The really big finish goes something like this matter of fact, it goes exactly like this:

"The smoke of their fire went higher and higher and a man come down the line. His head ducked down in the wintery wind as he waved old Number Nine. He walked on down that cinder dump till he came to the same old spot. And there was the same three men again around that same little pot.

"Red went to his knees and hollered, "Please don't pull that trigger on me. I did get not get my business fixed!' But he did not get his say. A gun wheeled out of an overcoat and a played the old one two. And Red was dead when the other two men sat down to eat their stew."

Sic transit inglorious Red.

Woody's son, Arlo Guthrie (Alice's Restaurant) has recorded East Texas Red on a CD, Dr. Logsdon told me.

Mr. Fowler quoted Joe Klein, author of a book on the life of Woody Guthrie:

"Early in 1936, Woody decided to go to East Texas and visit Tom and Nonie Moore, his old favorites from Okemah (Oklahoma). Tom was a barber in the town of Kilgore, and Woody stayed with them for about a month, testing the waters.

"East Texas wasn't nearly as dusty as the Panhandle, but it wasn't all that different either. He found a job painting signs and soda jerking for the local druggist... and gave his first week's pay envelope to a crippled black man sitting in the street outside the store."

In the holdings of the Smithsonian Folklife Program are Guthrie's notes that mention other notorious bulls Denver Bob, McAlester Dan, Yuma Ike, Tucson Slim. But East Texas Red was perhaps the baddest bull on the tracks. Boxcar balladeer Guthrie commented on Red:

"I heard many men swear that if he ever hurt a hair on their head that would be it. There's two kinds of people in this world, one kind you can push around and the other kind you just don't push ...

"So, this is the way it goes. And this song is just about the cashing in of the checks of another mean bull."

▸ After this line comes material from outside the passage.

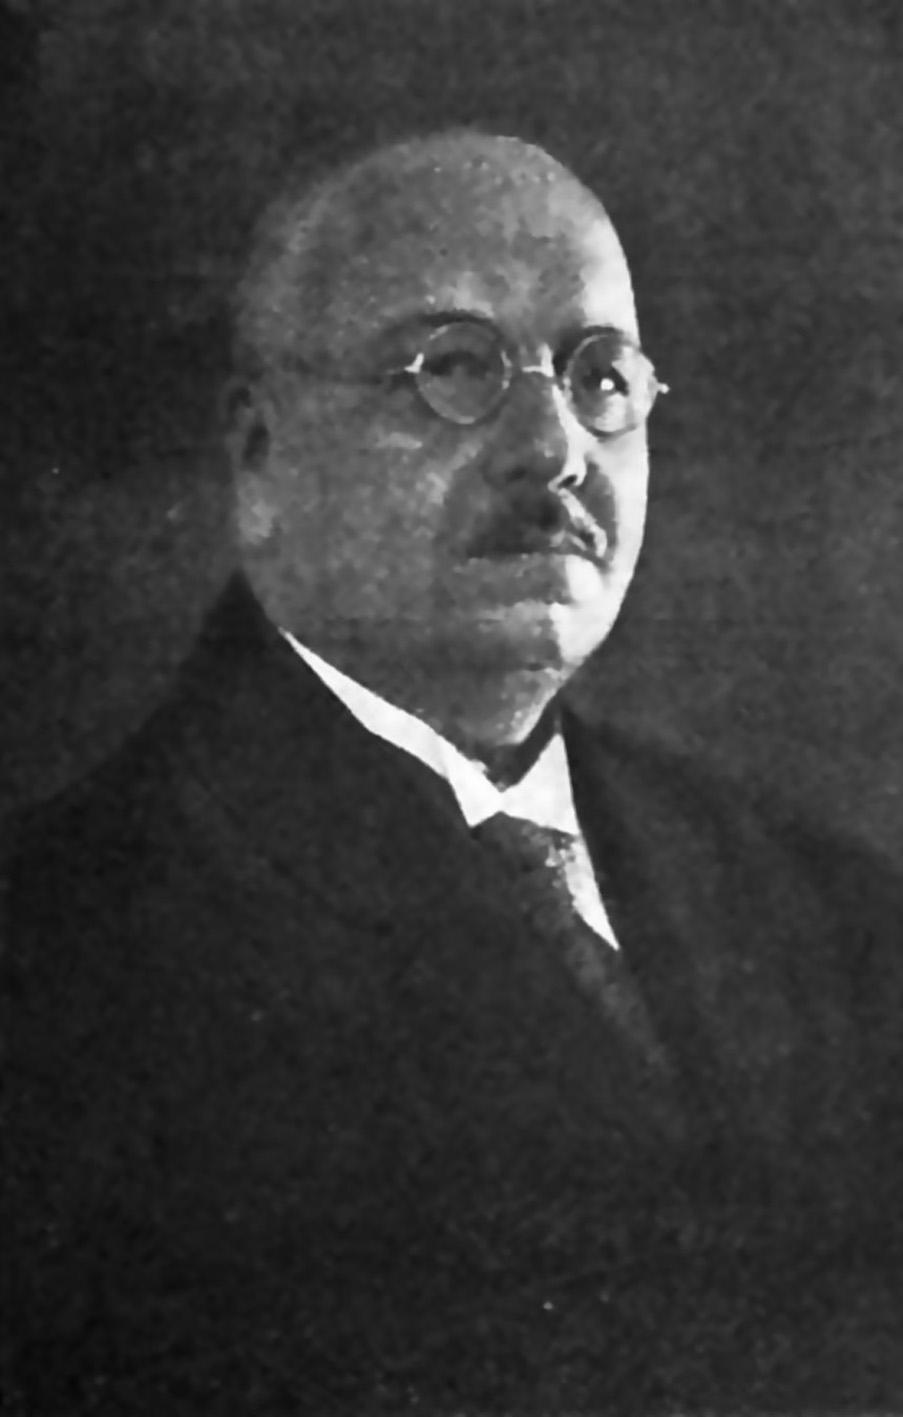 Г.В. Шор (1872‒1948), русский и советский патологоанатом-кондиционалист, танатолог, доктор медицинских наук, профессор, второй заведующий кафедрой патологической анатомии СПбГМУ

Details on Red's demise are lacking. We know he existed from tales handed down by East Texas oil boomers to another generation. Mr. Fowler said stories told in the family of his friend Tom Zigal referred to East Texas Red as Kilgore Red . A Zigal antecedent proudly recounted an eyeball-to-eyeball confrontation with Red in a dance hall and Red blinked.

Texas Rangers Capt. M. T. "Lone Wolf" Gonzaullas knew him as Booger Red and whupped up on him.

Lone Wolf told Rangers' historian Robert W Stevens of Dallas that he ordered a naive teenage boy who had alit in dangerously wicked Kilgore to seek his fortune to get out of town.

Author Stevens, who wrote a biography of Lone Wolf, said, "The boy tried to follow Cap's orders but was unsuccessful.

"He said he told the boy of an afternoon freight train that would take them out of the boomtown. He instructed the boy to tell the railroad officer that he should be allowed to ride because the Ranger had sent him.

"The next day Cap was surprised to see the boy, his face badly beaten, on the streets of Kilgore. He identified Booger Red as the railroad detective who had administered the beating. The youth said he boarded the train but was discovered by the detective, who was experienced in dealing with the numerous vagrants that plagued the railroad.

"Even after being told that Cap had assured him of safe passage, the detective overzealously beat the boy and threw him from the boxcar.

Angry because Red hadn't cooperated, Lone Wolf looked him up and worked him over with his brass knuckles, bloodying up the bully pretty badly. The boy described by Lone Wolf as "just a skinny-necked kid" departed Kilgore on the next freight.

Bruised Booger Red didn't try to stop him.